What Nosema Does to a Colony
The damage from Nosema goes well beyond a few sick bees. Infected workers have shorter lifespans, which means the colony’s workforce shrinks at the same time it needs to be growing. Fewer workers means less foraging, less brood care, and less honey stored. Multiple studies have linked Nosema infection to increased winter mortality and reduced overall colony strength.
Queens are not immune. Research has shown that Nosema ceranae infection alters a queen’s fertility markers and her pheromone profile. Infected queens produce significantly different levels of the mandibular pheromones that signal their presence and health to the colony. These changes may explain why Nosema-infected colonies often supersede (replace) their queens at higher rates than healthy colonies. A colony that repeatedly replaces its queen loses valuable brood-rearing time and genetic continuity.
Diagnosing Nosema
You can’t see Nosema with the naked eye. Dysentery (streaks of brown feces on the hive exterior) is a clue, but it’s not definitive since other conditions cause dysentery too, and Nosema ceranae often produces no visible symptoms at all.
The standard diagnostic method involves crushing a sample of bees in water and examining the liquid under a microscope at 400x magnification. Nosema spores appear as bright, rice-shaped objects. A hemocytometer (a gridded counting slide) is used to estimate the number of spores per bee. Many beekeeping experts and extension services consider a count of 1 million or more spores per bee to be the threshold requiring management action. Counts below that level indicate the colony is carrying the parasite but may manage it on its own. Distinguishing between the two species requires more advanced techniques like PCR testing, since the spores look similar under a standard microscope.
Treatment and Management
Fumagillin, an antibiotic derived from a fungus, has been the primary chemical treatment for Nosema for decades. It inhibits both species, and systematic reviews of field trials show no evidence that resistance has developed. The traditional approach uses a spring dose of around 100 mg of fumagillin base per colony (mixed into sugar syrup) or a fall dose of 200 mg. However, research suggests these standard doses provide benefits but may be too low to fully control the disease on their own. Studies testing higher fall doses in the range of 400 to 600 mg per colony showed significantly better Nosema control the following spring compared to the standard 200 mg dose.

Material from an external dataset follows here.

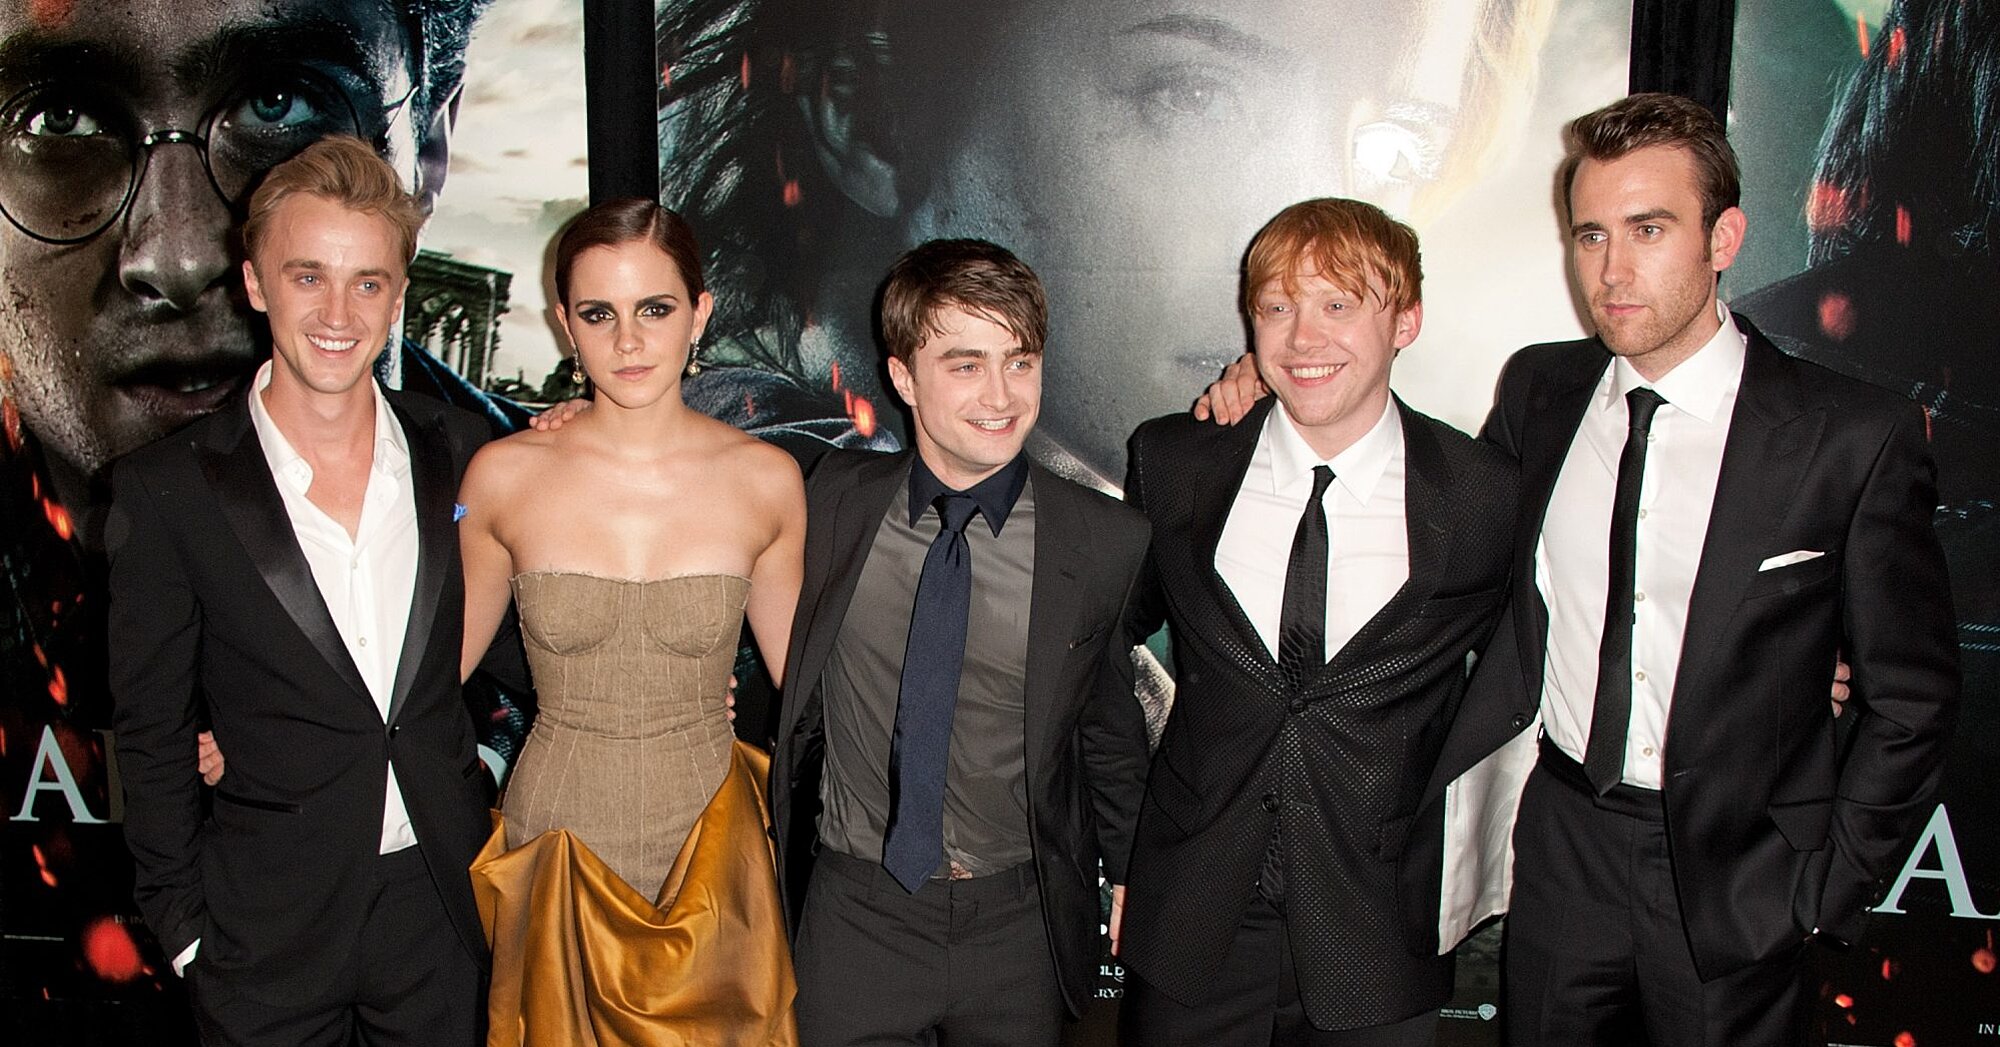 The Cast Of Harry Potter Reunited 19 Years After The First Film Premiered Hellogiggles

Fumagillin is banned in many countries, including throughout the European Union, due to concerns about residues in honey. This has driven interest in plant-based alternatives. Extracts from sugar apple, basil, guava, and java plum at 2% concentration have shown the ability to inhibit Nosema spore development in colony trials. After 90 days of treatment, spore levels in colonies treated with these plant extracts were comparable to those treated with fumagillin. While promising, these alternatives are still in the research phase.

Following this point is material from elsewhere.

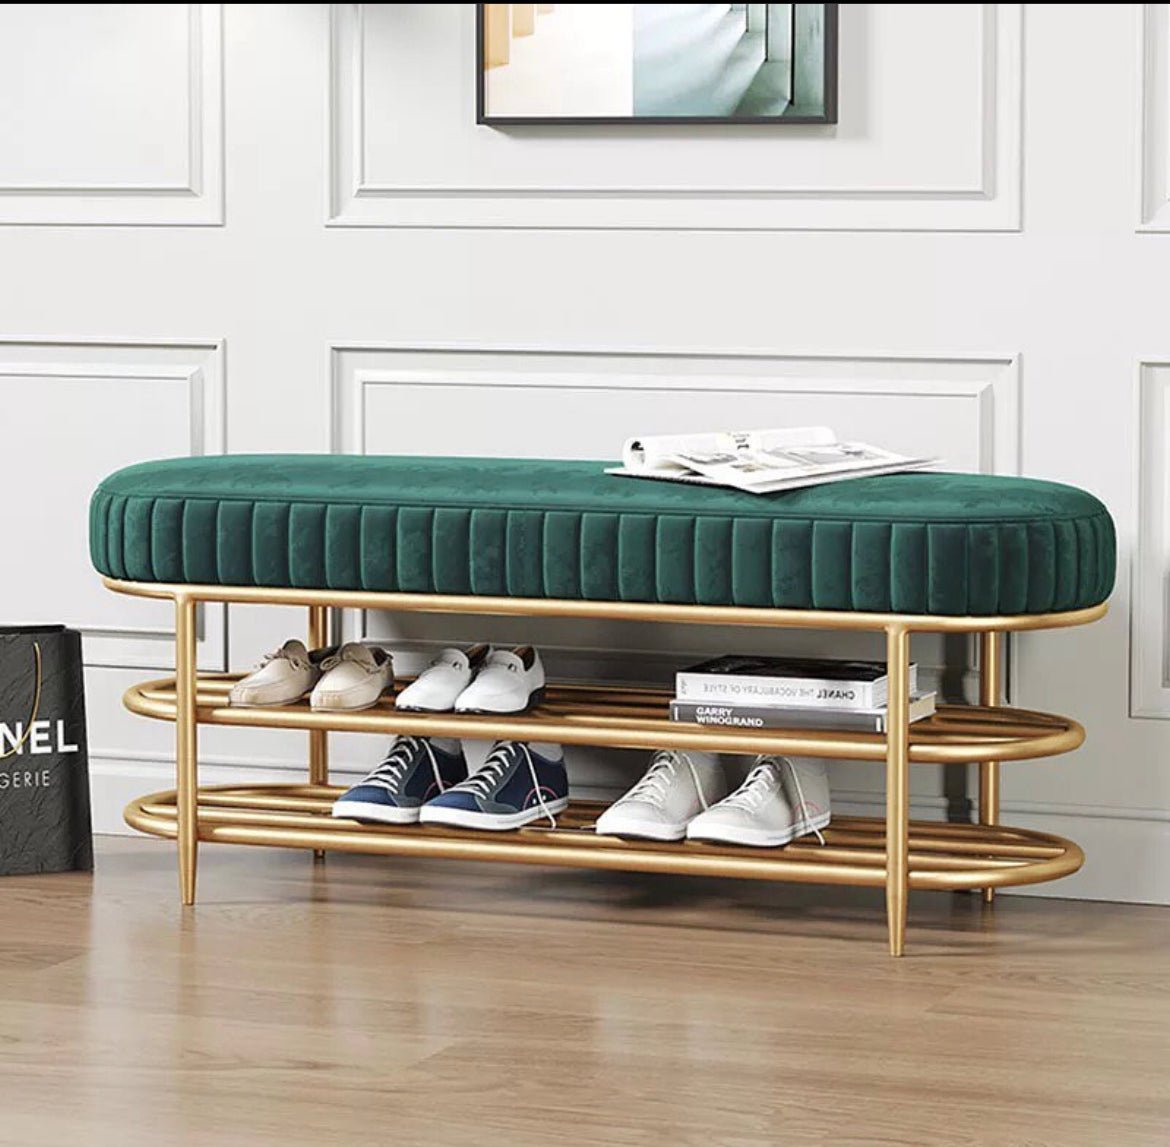 Bench Footstool with shoes shelves - SHAGHAF HOME

Beyond chemical treatment, management practices play a major role. Replacing old, dark brood combs removes a reservoir of spores that accumulate in wax and fecal deposits over years. Ensuring colonies have adequate nutrition, especially protein from pollen or supplements, helps bees mount a stronger immune response. Good ventilation reduces moisture buildup that can worsen dysentery during winter confinement. Requeening with hygienic stock and keeping colonies strong heading into fall are among the most practical defenses a beekeeper has against Nosema becoming a colony-level problem.